Dosyada bulunan kaza tespit tutanağı uyarınca kazanın tramvay inşaat alanı içinde meydana geldiği, mahallinde yapılan keşifte fotoğraflarla da tespit edilen hususlar ve tanzim edilen raporda ortaya konan tespitlerin hükme esas alınan … … tarafından sunulan 20/03/2017 tarihli raporda detaylı şekilde değerlendirilmesi suretiyle olay yerinin karayolu veya karayolu yerlerden olduğu hususunun tereddüte mahal vermeyecek şekilde belirlendiğinin anlaşılmasına, kaza tarihinde yürürlükte bulunan KTK’nın 98/1, 99/1 maddeleri ile ZMSS poliçesi Genel Şartlarının B.2 maddesi uyarınca rizikonun belge ve bilgileri ile birlikte sigortacıya ihbar edildiği tarihten itibaren 8 işgünü içinde sigortanın tazminatı ödeme yükümlülüğü bulunmakta bu sürenin sonunda ödememe halinde temerrüt gerçekleşmekte olması ve davacı tarafından sigortaya başvuru üzerine başvurunun davalı … şirketine tebliğinden itibaren 8 iş günü içinde ödeme yapılmamış olması nedeniyle mahkemece temerrüt tarihinden itibaren faize hükmedilmesinde bir isabetsizlik bulunmadığının anlaşılmasına, müteselsil borçlulardan birinin borcu ifa ettiği oranda diğer müteselsil borçluların bu oranda borçtan kurtulacağı ve bu sebeple yapılan ödeme nedeniyle davanın konusuz kalması halinde vekalet ücreti ve diğer yargılama giderlerinin davanın açıldığı tarihte tarafların haklılık durumu gözetilerek belirlenmesi gerektiğinden mahkemece kabul kararı ile hüküm altına alınan 18.030,49 TL tazminat ile dava dışı işleten ve sürücü tarafından yargılama sırasında yapılan 31.969,51 TL’lik ödeme dikkate alınarak konusuz kaldığına hükmedilen miktarlar toplamı olan 50.000,00 TL’lik dava değeri üzerinden HMK 331/1 madde uyarınca tarafların haklılık durumu baz alınarak davacı lehine karşı vekalet ücretine hükmedilmesinde bir isabetsizlik bulunmadığının anlaşılmasına göre davalı … vekilinin yerinde görülmeyen istinaf taleplerinin HMK’nın 353/1-b-1 maddesi gereğince (HMK.nın 355 maddesine göre istinaf sebepleri ile sınırlı olarak yapılan inceleme sonucu) esastan reddine karar verilmesi gerekmiş ve aşağıdaki şekilde hüküm kurulmuştur.

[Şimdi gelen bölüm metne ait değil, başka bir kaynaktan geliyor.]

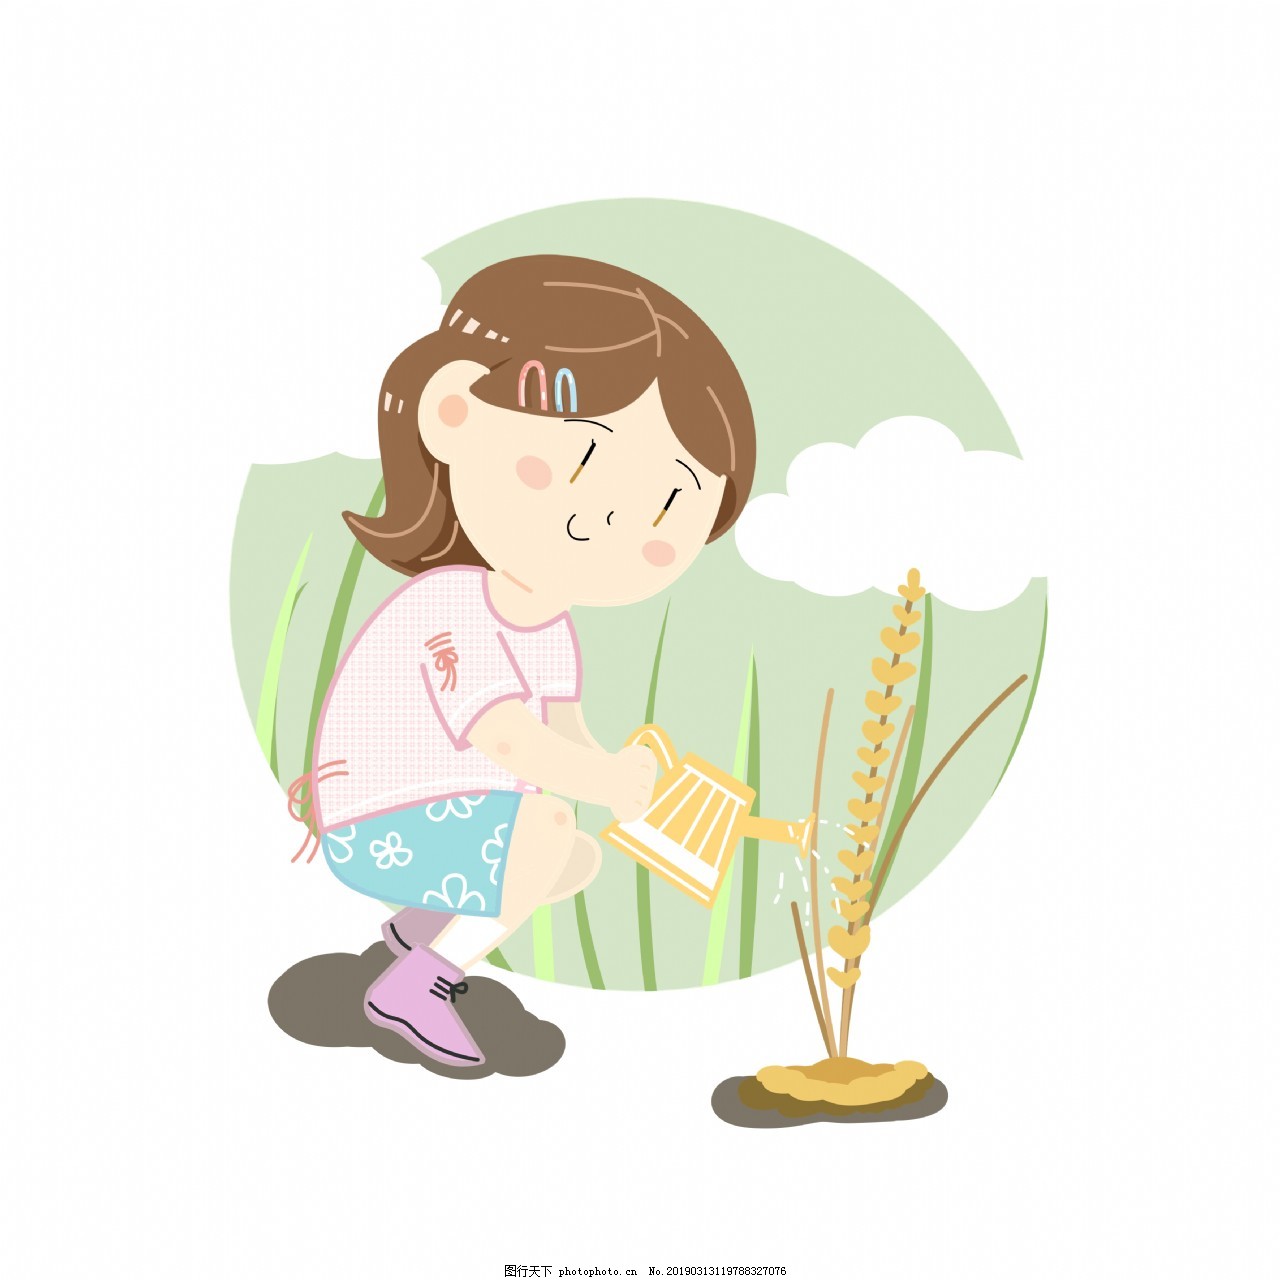 รูปArbor Day Character Illustration Watering Little Girl Grey Bucket ...
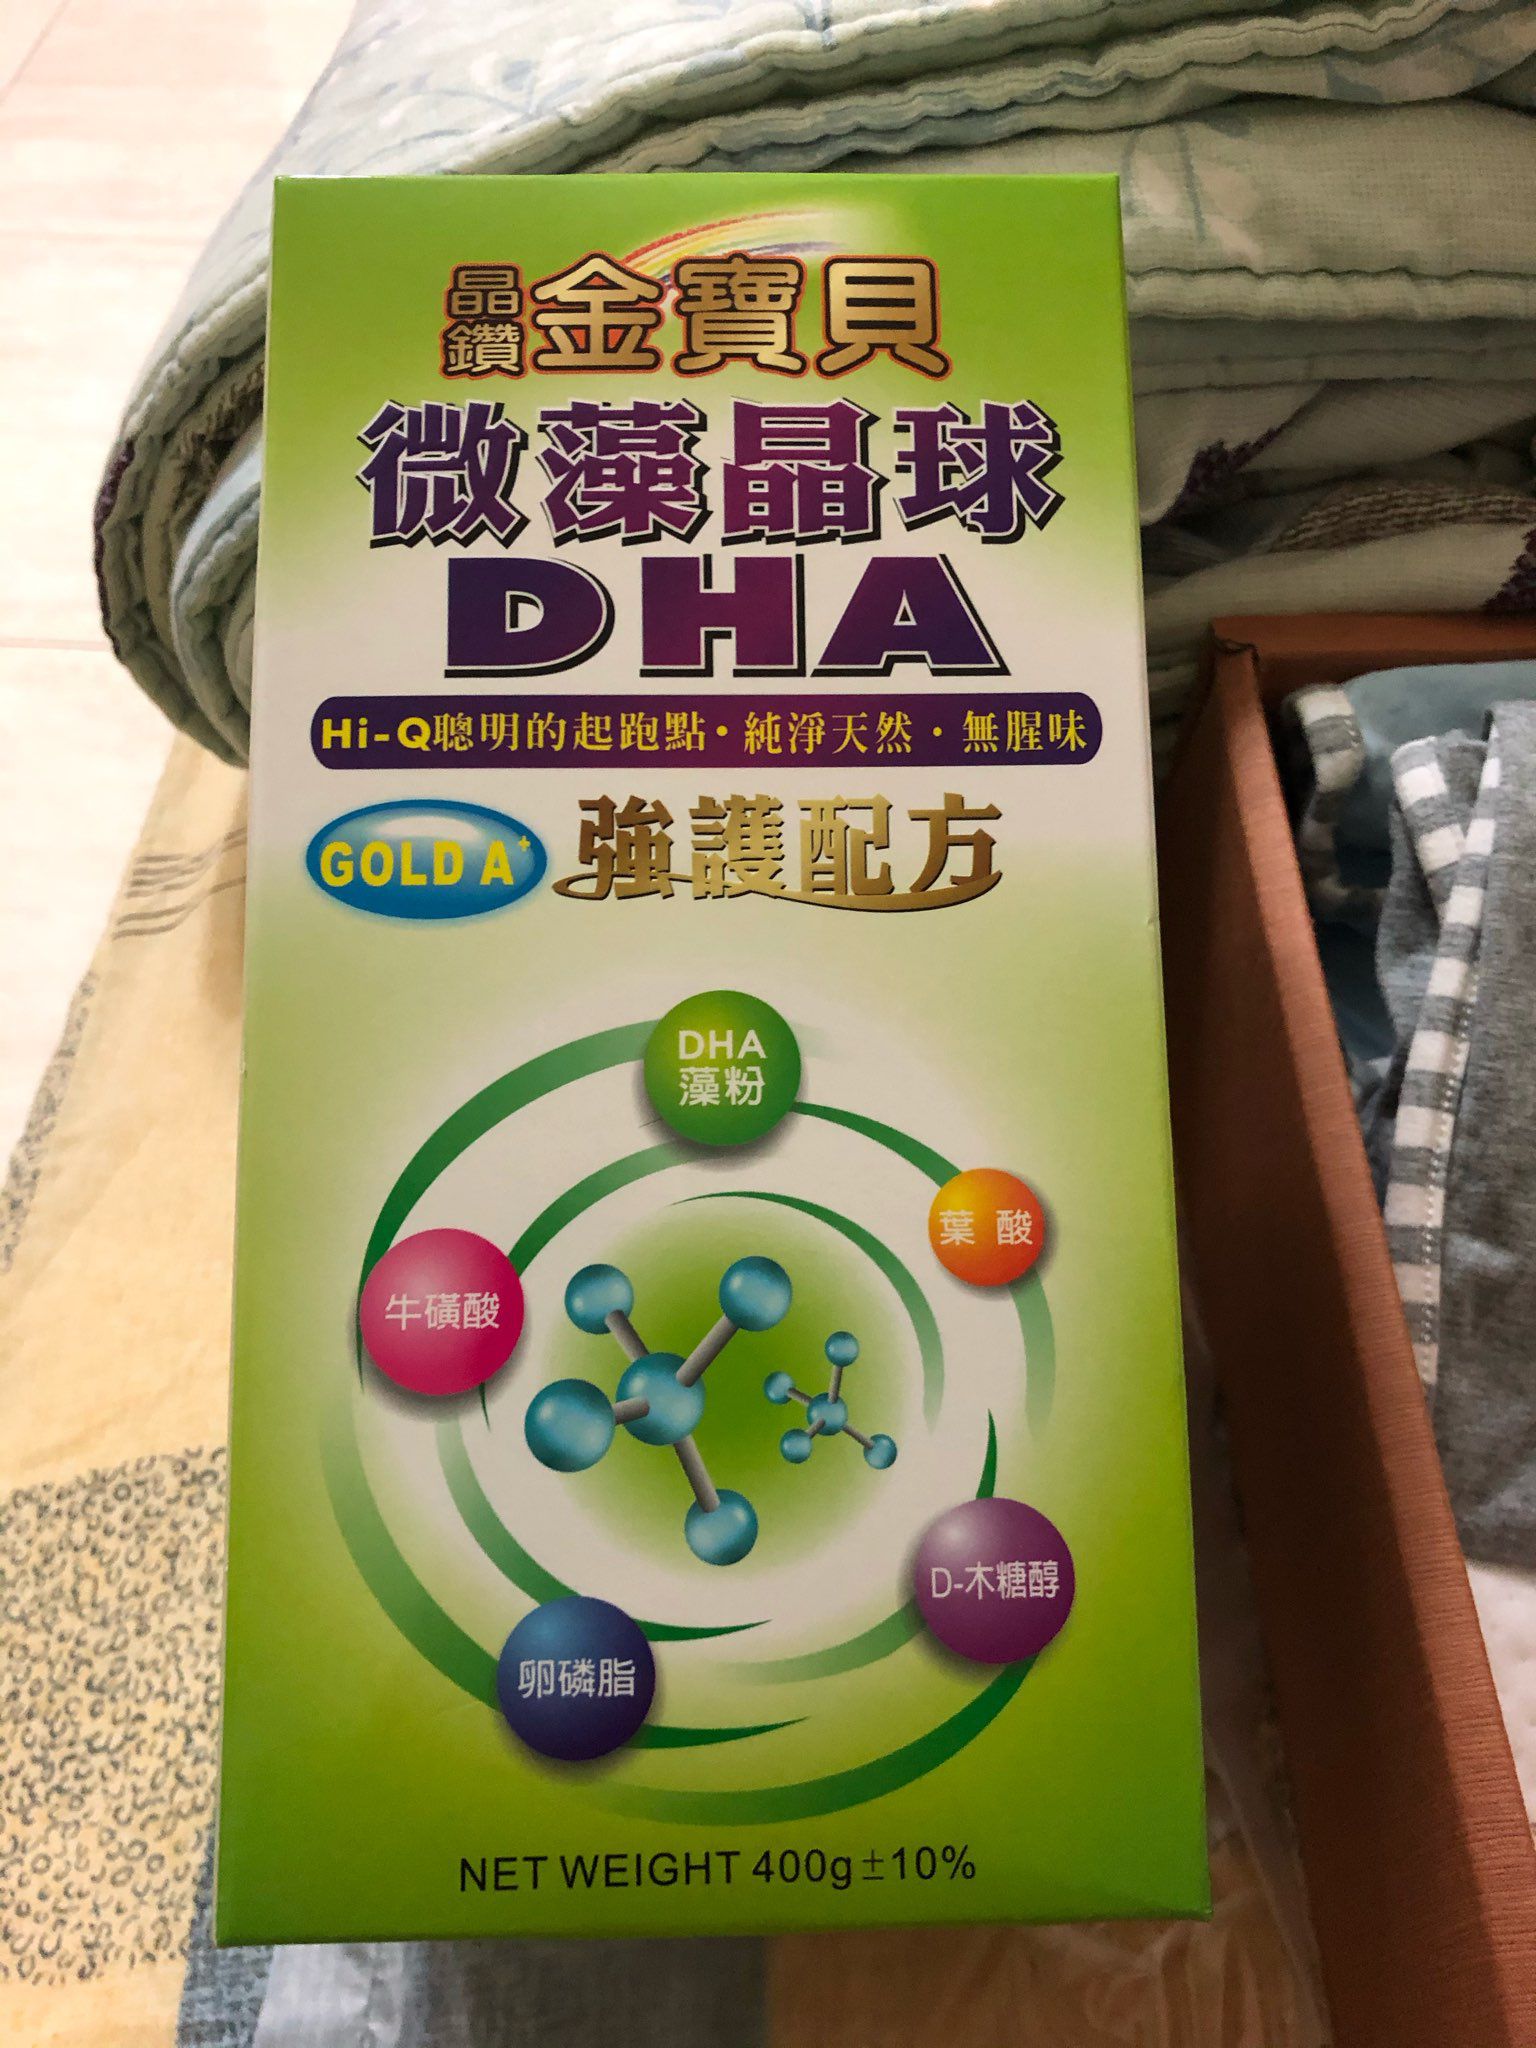 有媽咪給寶寶喝過「晶鑽金寶貝微藻晶球DHA」嗎

HÜKÜM : Gerekçesi yukarıda izah edildiği üzere;
1-Davalı vekilinin yerel mahkeme kararına yönelik istinaf başvurusunun 6100 Sayılı HMK’nın 353/1-b-1 maddesi gereğince ESASTAN REDDİNE,
2-Davalıdan alınması gereken 1.231,66 TL harçtan peşin olarak yatırılan 307,92 TL harcın mahsubu ile bakiye 923,74 TL istinaf karar ve ilam harcının davalıdan tahsili ile hazineye gelir kaydına,
3-İstinaf başvurma harcı peşin alındığından bu konuda karar verilmesine yer olmadığına,
4-Davalı tarafından yapılan istinaf yargılama giderlerinin kendi üzerinde bırakılmasına,
5-İstinafa gelen davalı tarafından yatırılan istinaf gider avansından kullanılmayan kısmın karar kesinleştiğinde kendisine iadesine,
6-Kararın tebliği, kesinleştirme ve gider avansı iadesi işlemlerinin ilk derece mahkemesi tarafından yerine getirilmesine,
Dosya üzerinden yapılan inceleme sonucu HMK’nun 362/1-a maddesi gereğince KESİN olmak üzere oy birliği ile 01.07.2021 tarihinde karar verildi.

* Bu belge, 5070 sayılı Kanun hükümleri gereğince elektronik imza ile imzalanmıştır.